Dscam2 is a cell surface protein expressed on neurons and required for neurodevelopment in Drosophila. It mediates boundary formation between different brain regions through homophilic repulsion and promotes contacts between neurons through homophilic adhesion. These functions occur at developmental times when axons and dendrites are actively growing and searching for synaptic partners. Interestingly, we found that a specific isoform of Dscam2 is expressed in larval motor neurons after growth has been completed and synaptic connections have been established.
Aims:To gain insight into post-developmental functions of Dscam2, we analysed Dscam2 mutant phenotypes at the larval neuromuscular junction.
Methods:We used a combination of neurogenetics, electrophysiology, light and electron microscopy (EM) to characterise phenotypes in Dscam2mutants.
Results:We found that Dscam2 suppresses the strength of motor neuron synapses. Evoked postsynaptic potentials were increased in Dscam2null animals compared to controls. We determined that loss of Dscam2 increased the number of synaptic vesicles released in response to an action potential. Mutants that suppress synaptic strength are rare so we screened through a number of candidates to identify signalling molecules in this pathway. We found a potential genetic interaction between the PI3K enhancer, Centaurinγ1A, and Dscam2. Consistent with this, Dscam2null motor neurons exhibited a striking increase in levels of the PI3K substrate, PIP2. PI3K regulates synaptic vesicle recycling, which in turn regulates synaptic release, so we next investigated whether Dscam2 might be involved in this process. A genetic marker for early endosomes was reduced in Dscam2 mutants and changes in endosomal structures were observed by EM. EM also revealed an increase in docked synaptic vesicles compared to controls, providing evidence that Dscam2 negatively regulates a necessary step in synaptic vesicle release.

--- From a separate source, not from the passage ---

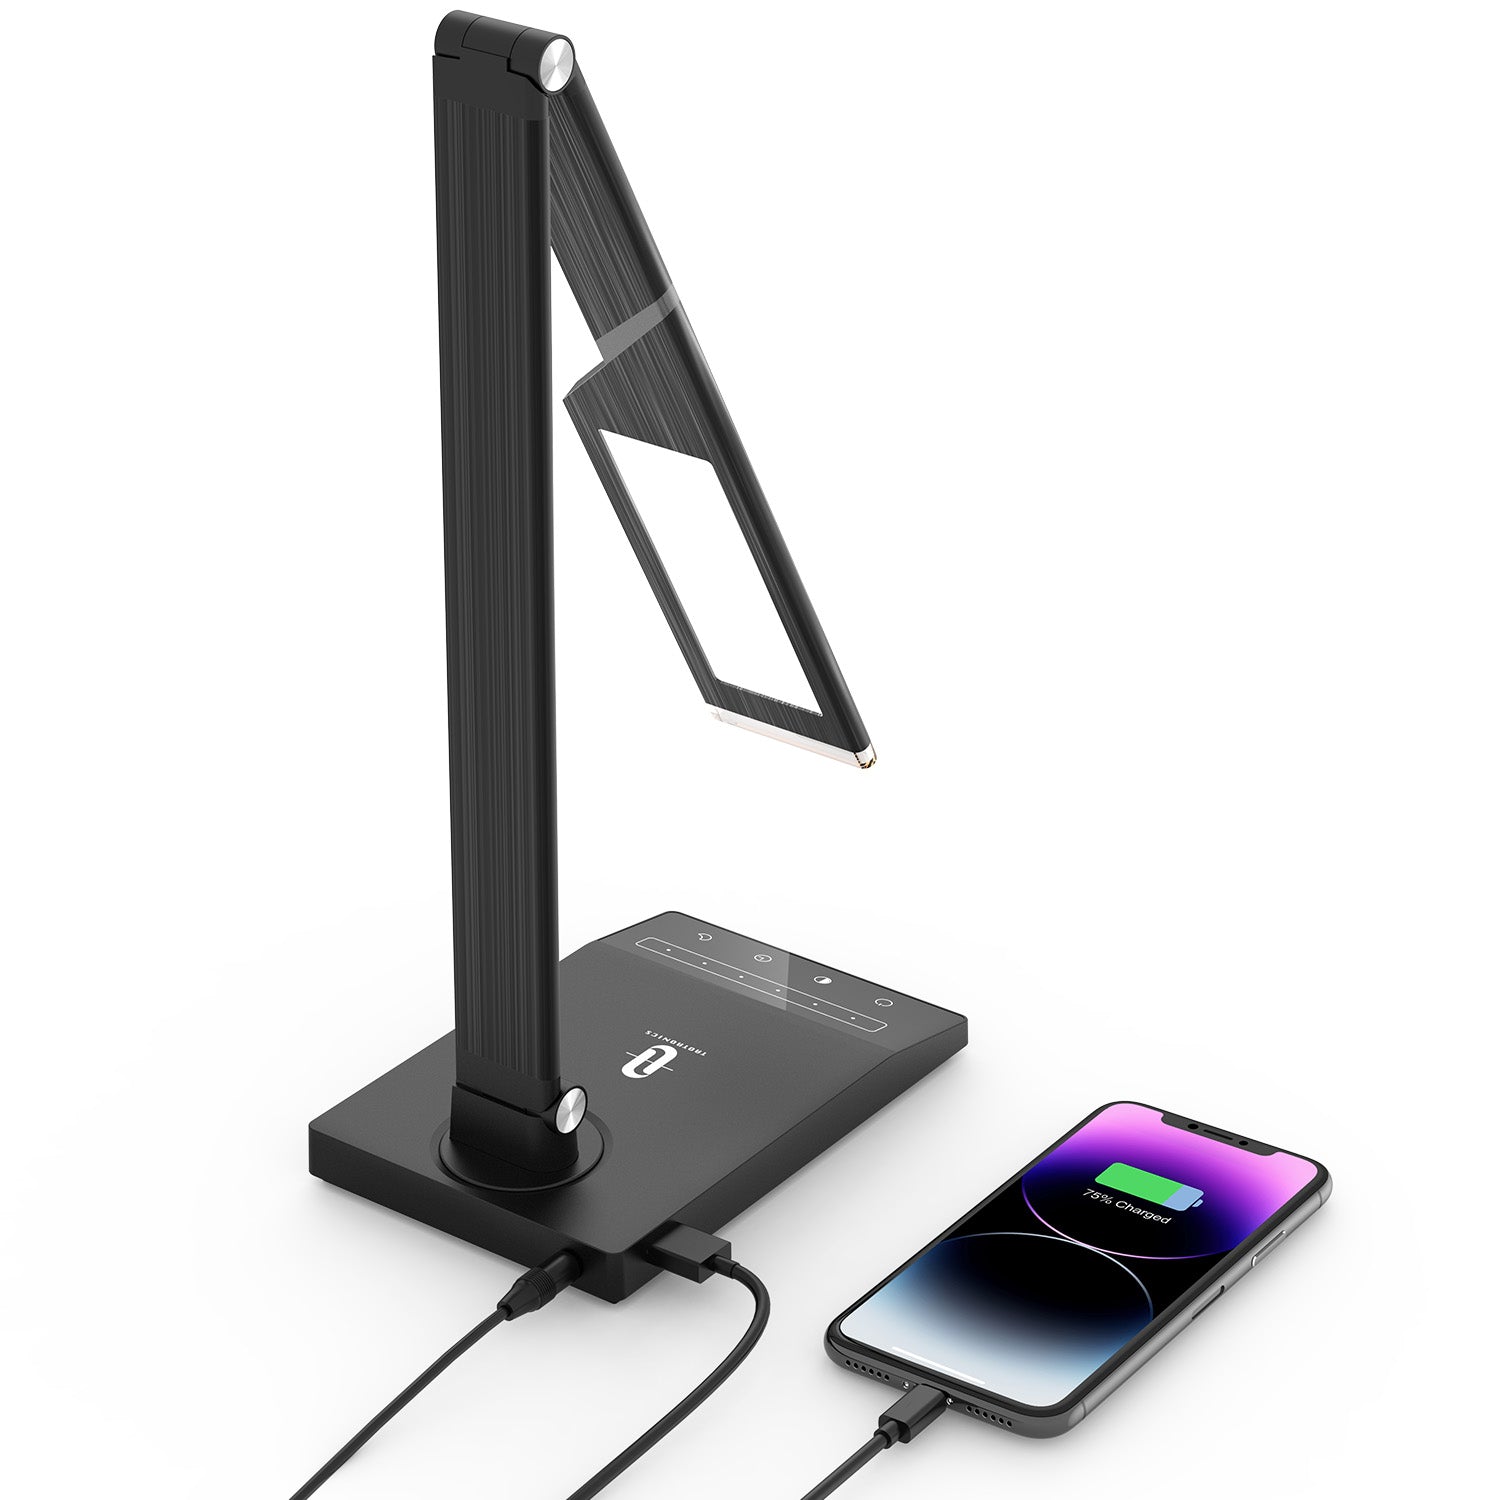 TapTronics DL048 LED Desk Lamp with Fast Wireless Charger&5V/1A USB Port

Conclusion:These data argue that Dscam2 contributes to the maintenance of synapses, a strikingly different role than it plays during development. This function appears to be independent of homophilic interactions as Dscam2is not expressed in postsynaptic muscle. Our data indicate that Dscam2 interacts with the synaptic vesicle recycling machinery to prevent excess vesicles from tethering to synaptic release sites. This ‘brake’ on synaptic release may have important implications for neuronal plasticity.